Territory: Bolivia
Data Protection Regulations:
- Observation: Bolivia does not have a comprehensive data protection law, however, the telecommunications law 164 is in force, and the DS 1793 that regulates the use of personal data by natural or legal persons that provide services related to digital certification, e-government, free software, electronic mail and the use of digital documents and signatures in the Plurinational State of Bolivia.
Link: https://www.lexivox.org/norms/BO-RE-DSN1793.xhtml
Regulatory purpose: To regulate the access, use and development of Information and Communication Technologies - ICTs, within the framework of Title IV of Law No. 164 of 8 August 2011, General Law on Telecommunications, Information and Communication Technologies.
Parties:
- Data controller: YES, applies to entities regulated by the telecommunications law.
- Data Processor: No.
- Data Protection Officer: No.
- Supervisory Authority: Telecommunications Authority.
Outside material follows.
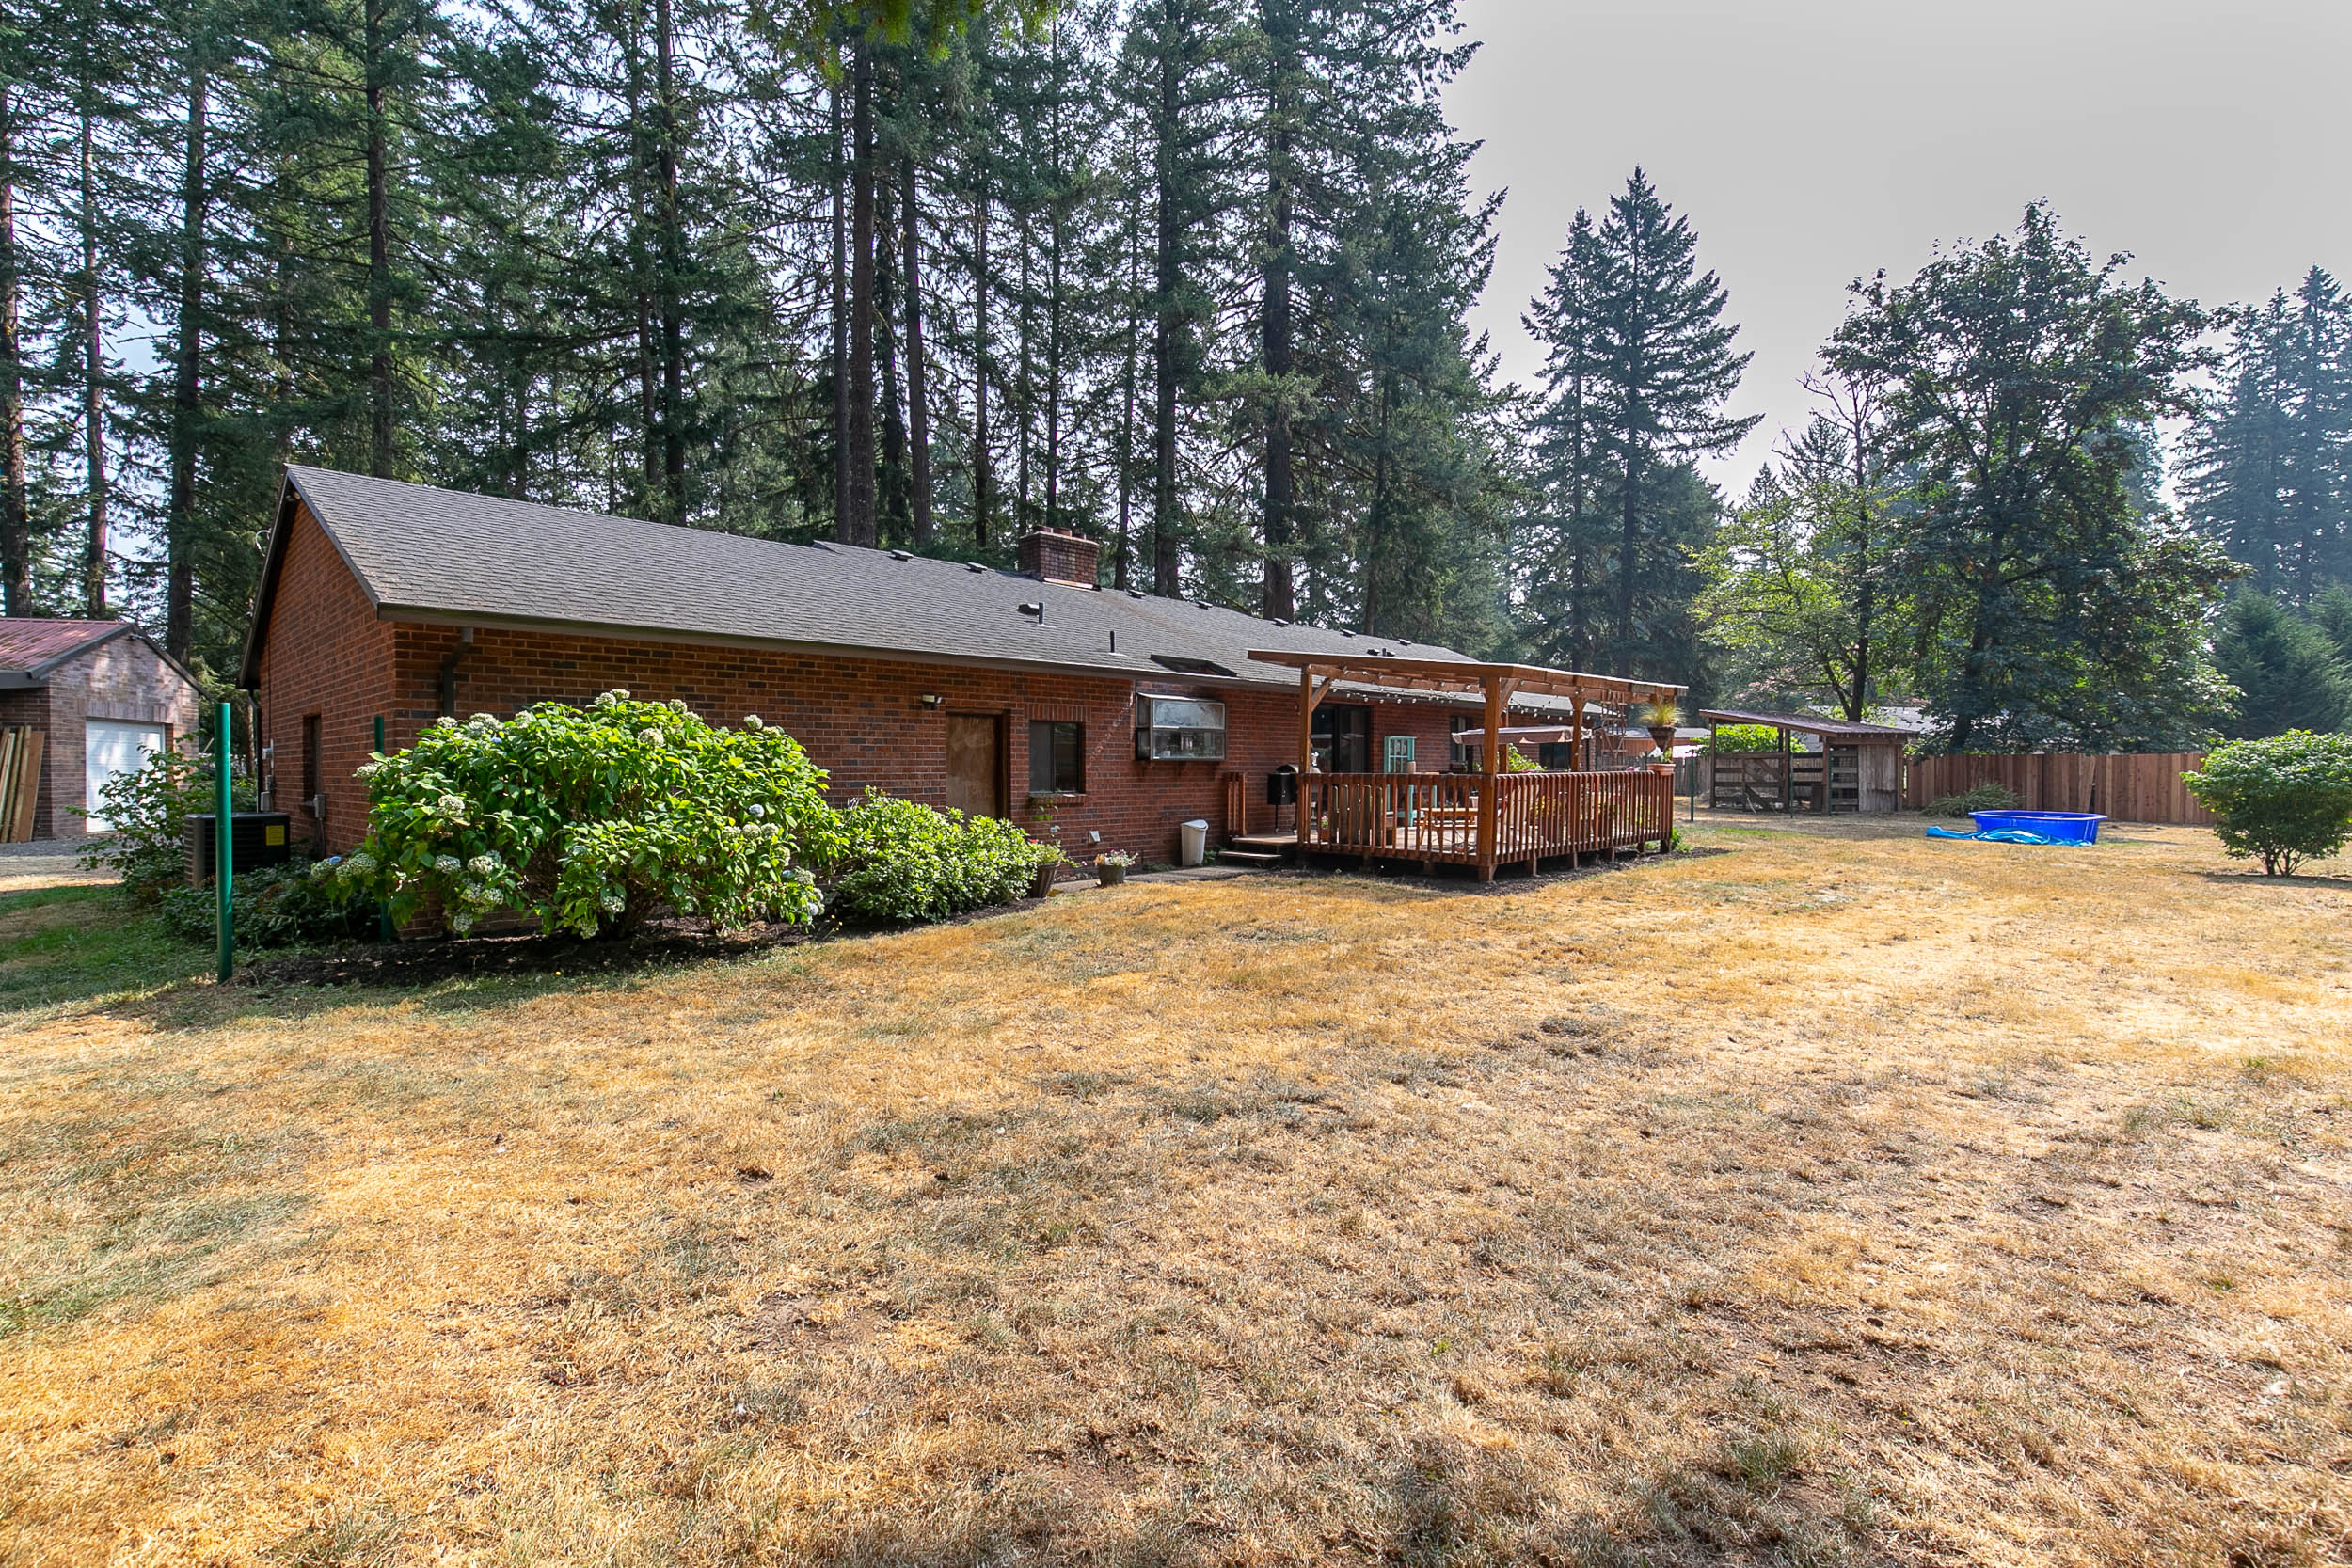 043_16181 S Eaden Rd Oregon City_MG_6865-HDR.jpg

Principles: Finality; Truthfulness; Transparency; Security; Confidentiality.
Obligations:
- Register of Processing Activities: No.
- Impact Assessments: No.
- Risk analysis: No.
- Technical and organisational security measures: Yes.
- Duty to inform: Yes.
- Data Protection Officer: No.
Data subjects' rights:
- Right of Access: Yes.
- Right of rectification: Yes.
- Right of Suppression: Yes.
- Right to limitation: No.
- Right to portability: No.
- Right to object: Yes.
- Automated individual decisions, including profiling: No.
International transfers: No.
Penalty regime: Administrative Penalties of three hundred and sixtieths (1/360) of 1% of the gross income of the offender.
Certification or accreditation of compliance for companies: No.